--- EXTRACTED MATERIAL Enclosed Below ---
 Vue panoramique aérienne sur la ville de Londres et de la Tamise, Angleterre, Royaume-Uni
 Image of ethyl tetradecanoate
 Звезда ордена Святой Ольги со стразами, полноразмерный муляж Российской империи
--- End of Enclosed EXTRACTED MATERIAL ---
--- EXTRACTED MATERIAL Enclosed Below ---
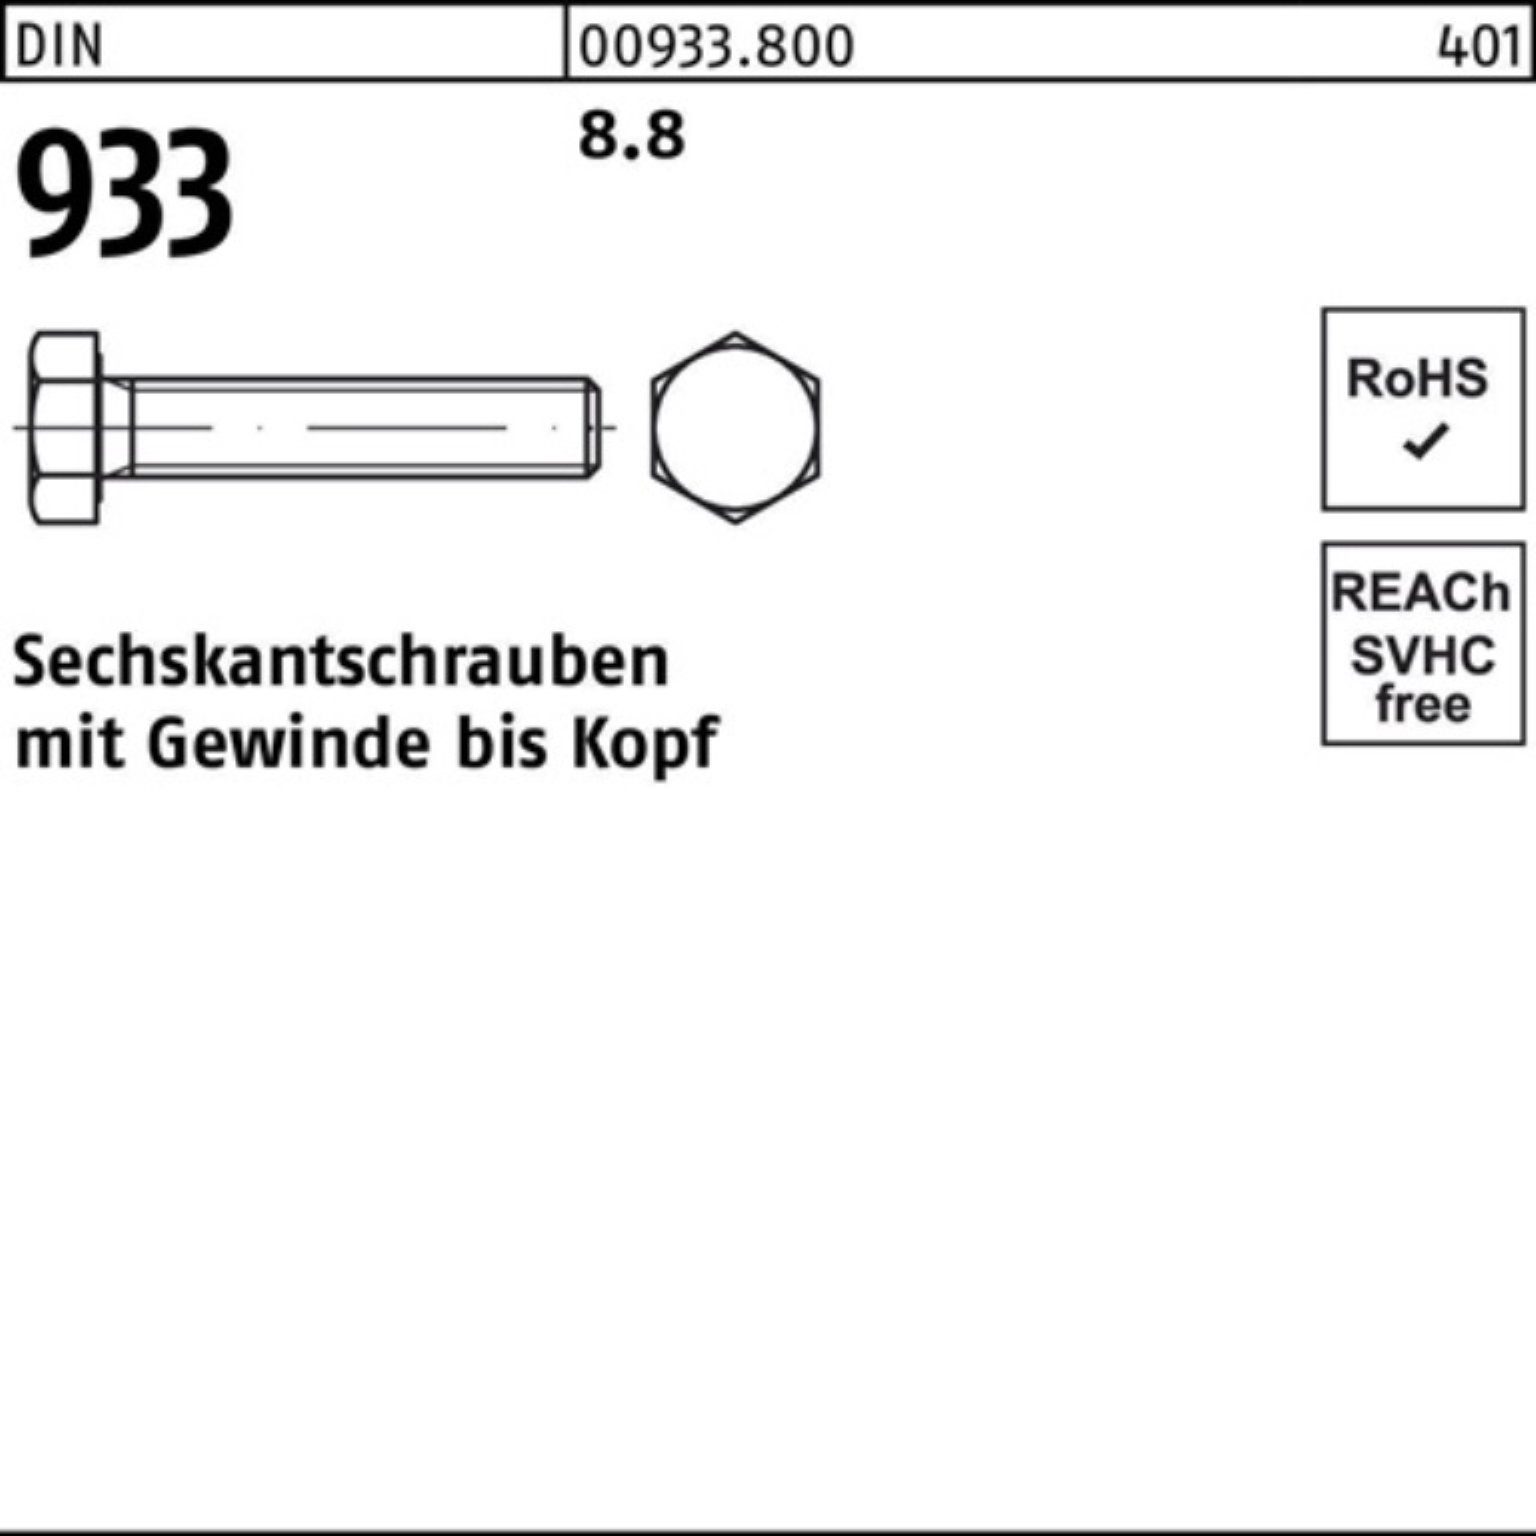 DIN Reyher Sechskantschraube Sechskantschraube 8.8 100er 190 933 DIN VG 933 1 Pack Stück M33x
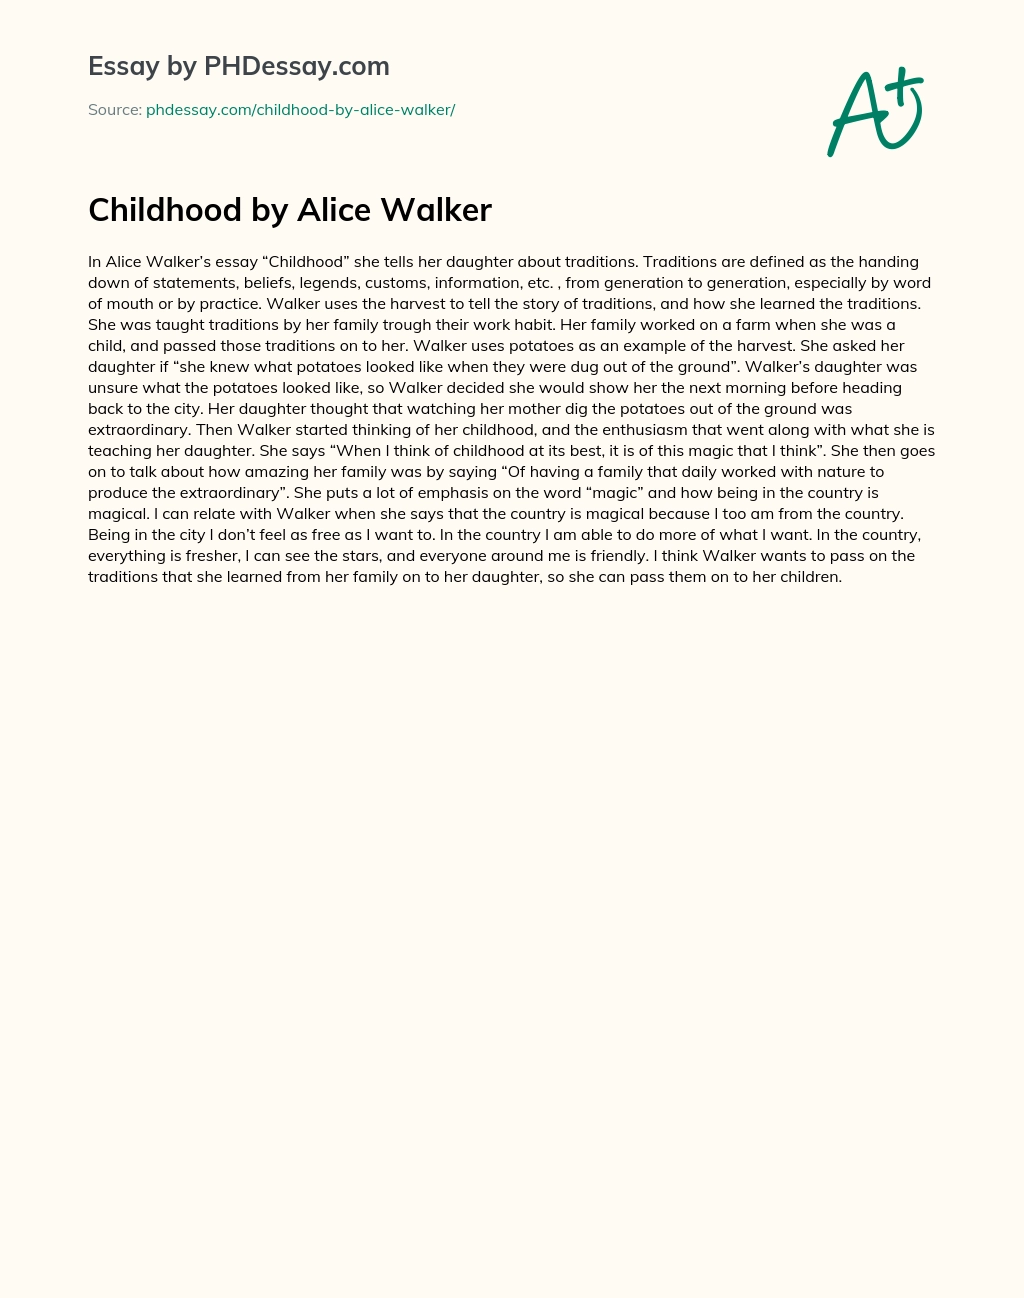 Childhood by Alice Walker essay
--- End of Enclosed EXTRACTED MATERIAL ---
YOUR GOAL – Quote the data above from the line containing "Vue panoramique aérienne" to the line containing "Звезда ордена Святой", inclusive, and stop.

COMPLETED EXERCISE –
 Vue panoramique aérienne sur la ville de Londres et de la Tamise, Angleterre, Royaume-Uni
 Image of ethyl tetradecanoate
 Звезда ордена Святой Ольги со стразами, полноразмерный муляж Российской империи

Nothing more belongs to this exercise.